News & Events

New State Report on Behavioral Health and Readmissions Shows Need for Stronger Protection of Essential Healthcare Services and Real Solutions to Hospital Staffing Crisis

A Center for Health Information and Analysis report released October 13 details the impact of comorbidities among behavioral health patients on longer stays and unplanned readmissions

MNA nurses and healthcare professionals have long fought to protect mental healthcare services and improve staffing to reduce avoidable readmissions

CANTON, Mass. – A report released October 13 by the Center for Health Information and Analysis (CHIA) focusing on patients with comorbid behavioral health conditions and avoidable readmissions sheds light on structural problems in our healthcare system that the nurses and healthcare professionals of the Massachusetts Nurses Association (MNA) have been seeking to address since long before the COVID-19 pandemic.

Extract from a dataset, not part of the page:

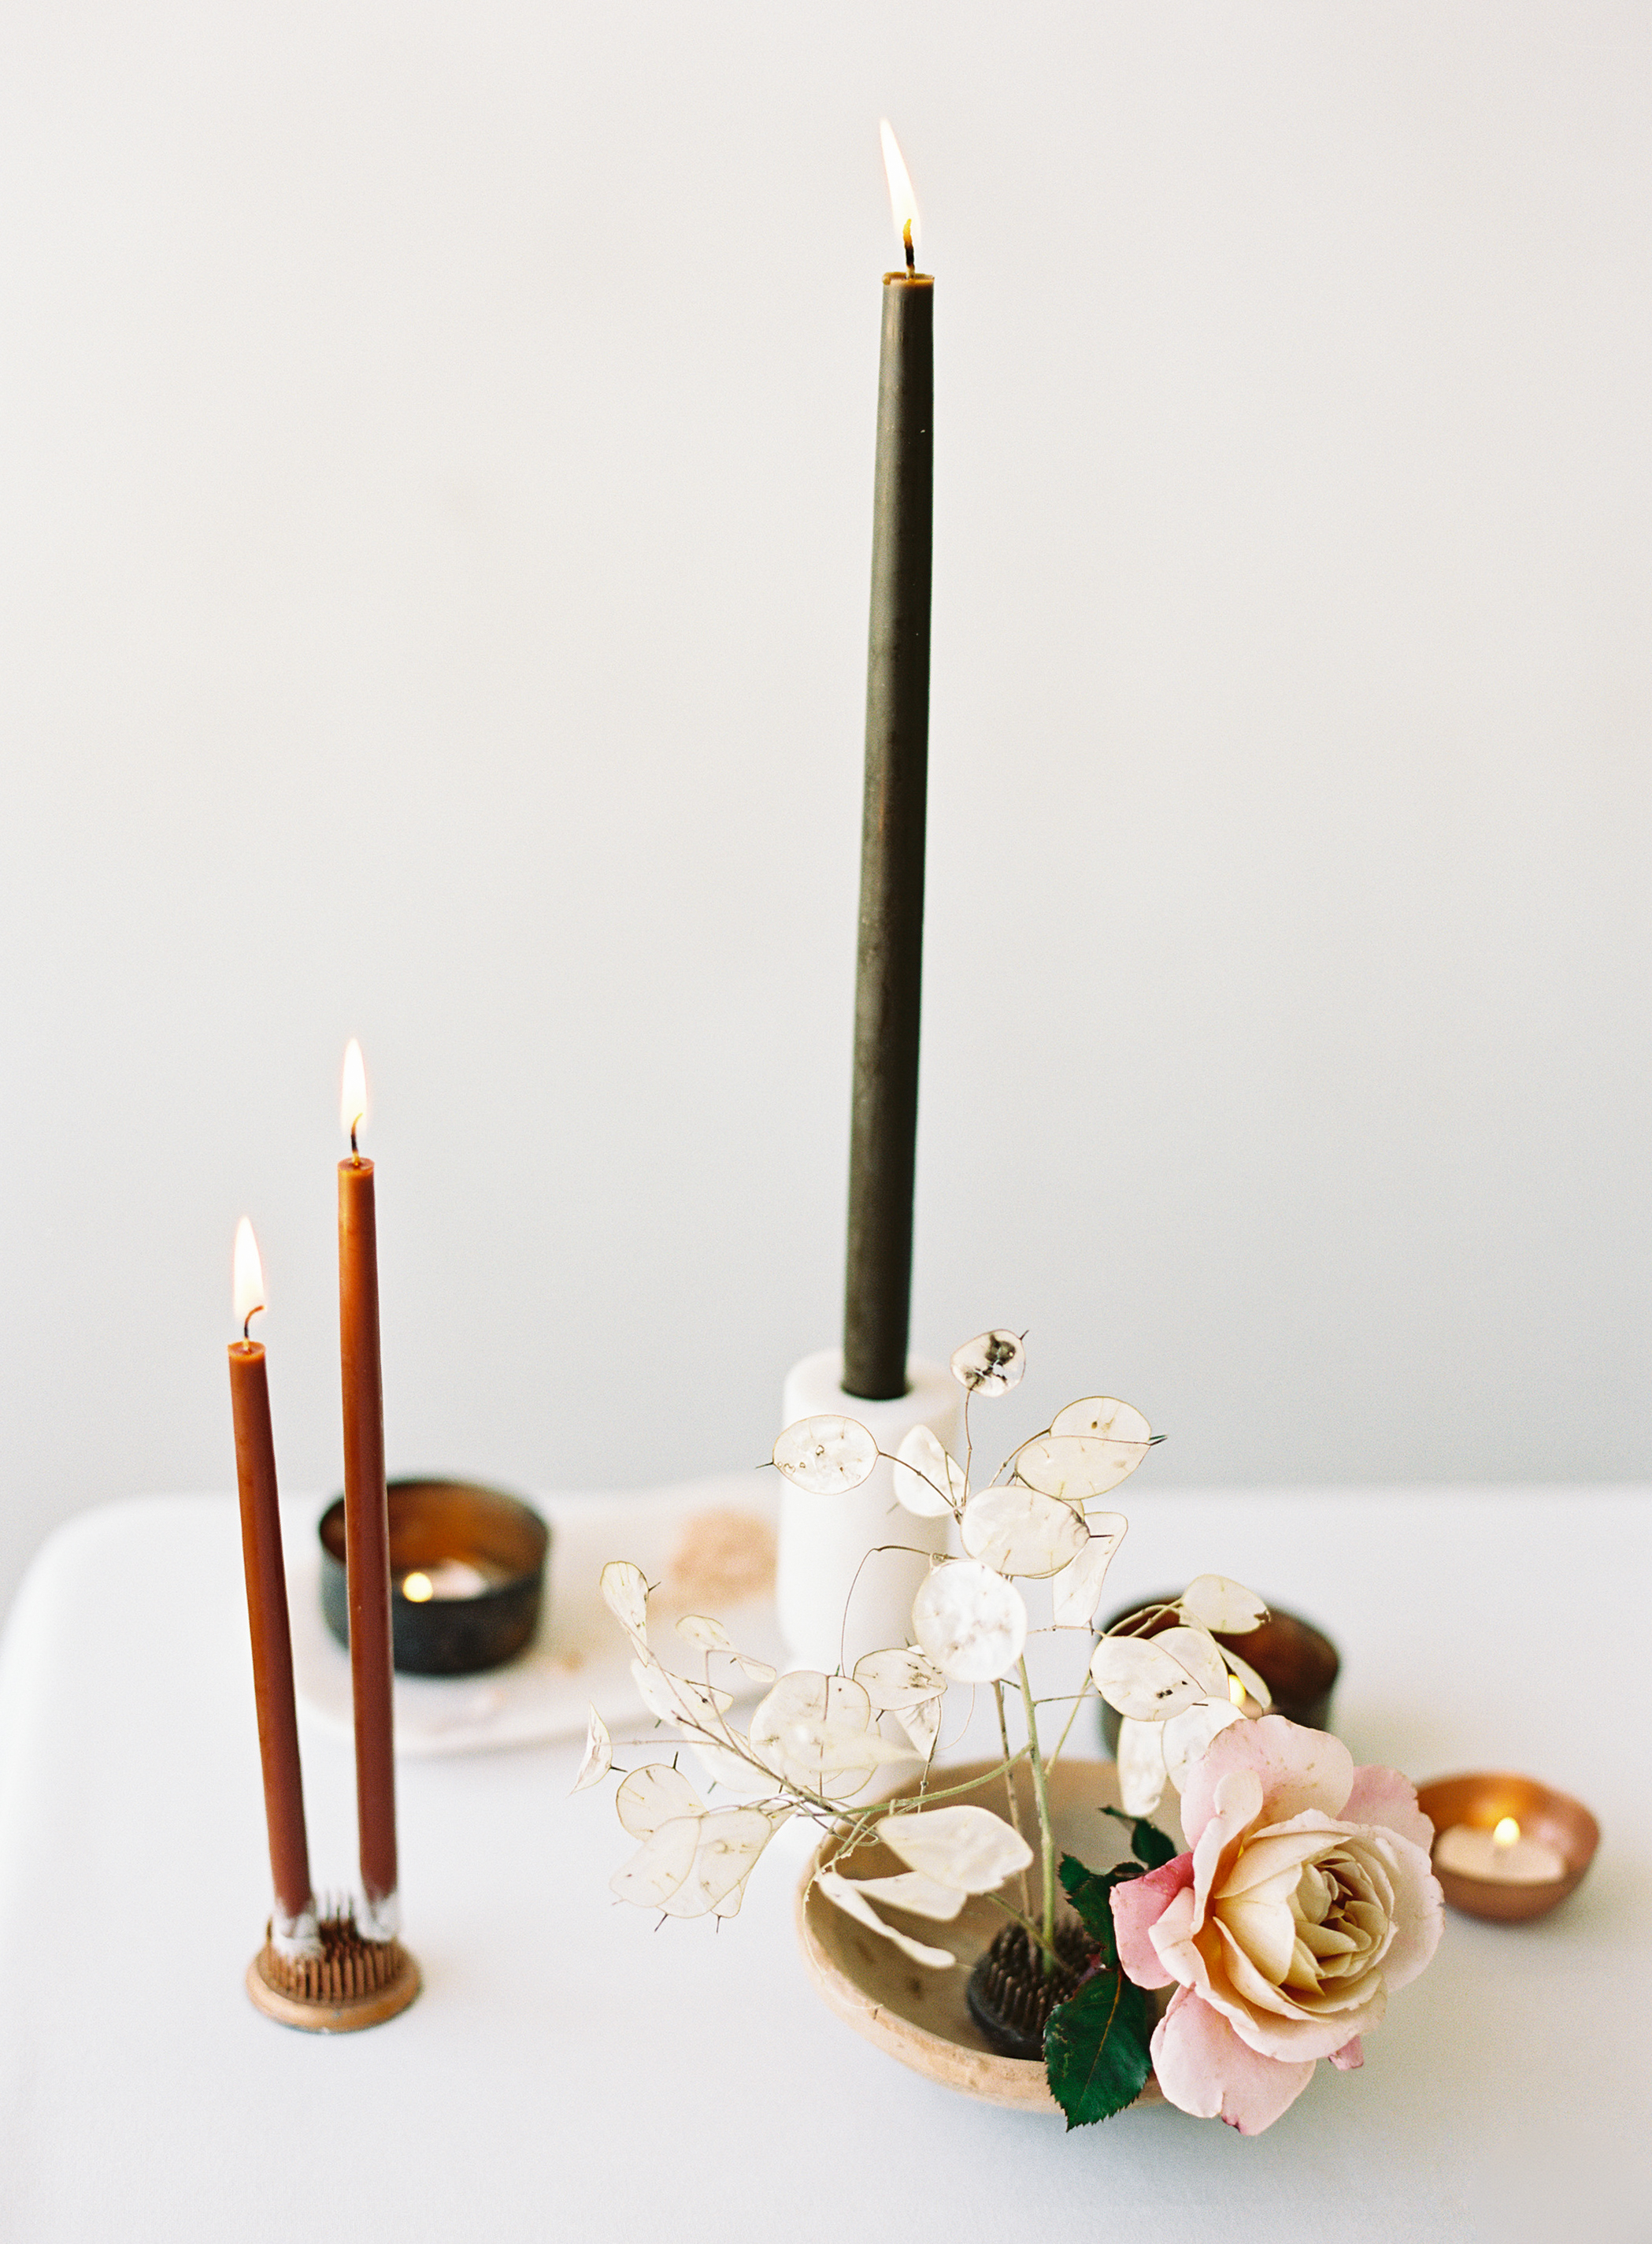 Sentient Floral Workshop-Carrie King Photographer-005.jpg

“Patients deserve better from our healthcare system, especially patients who come to hospitals in desperate need, suffering from a combination of mental health, substance use or medical issues,” said Katie Murphy, a practicing ICU nurse and President of the MNA. “The hospital industry has long failed these patients by shuttering mental health services or operating with barely enough staff to keep the lights on.”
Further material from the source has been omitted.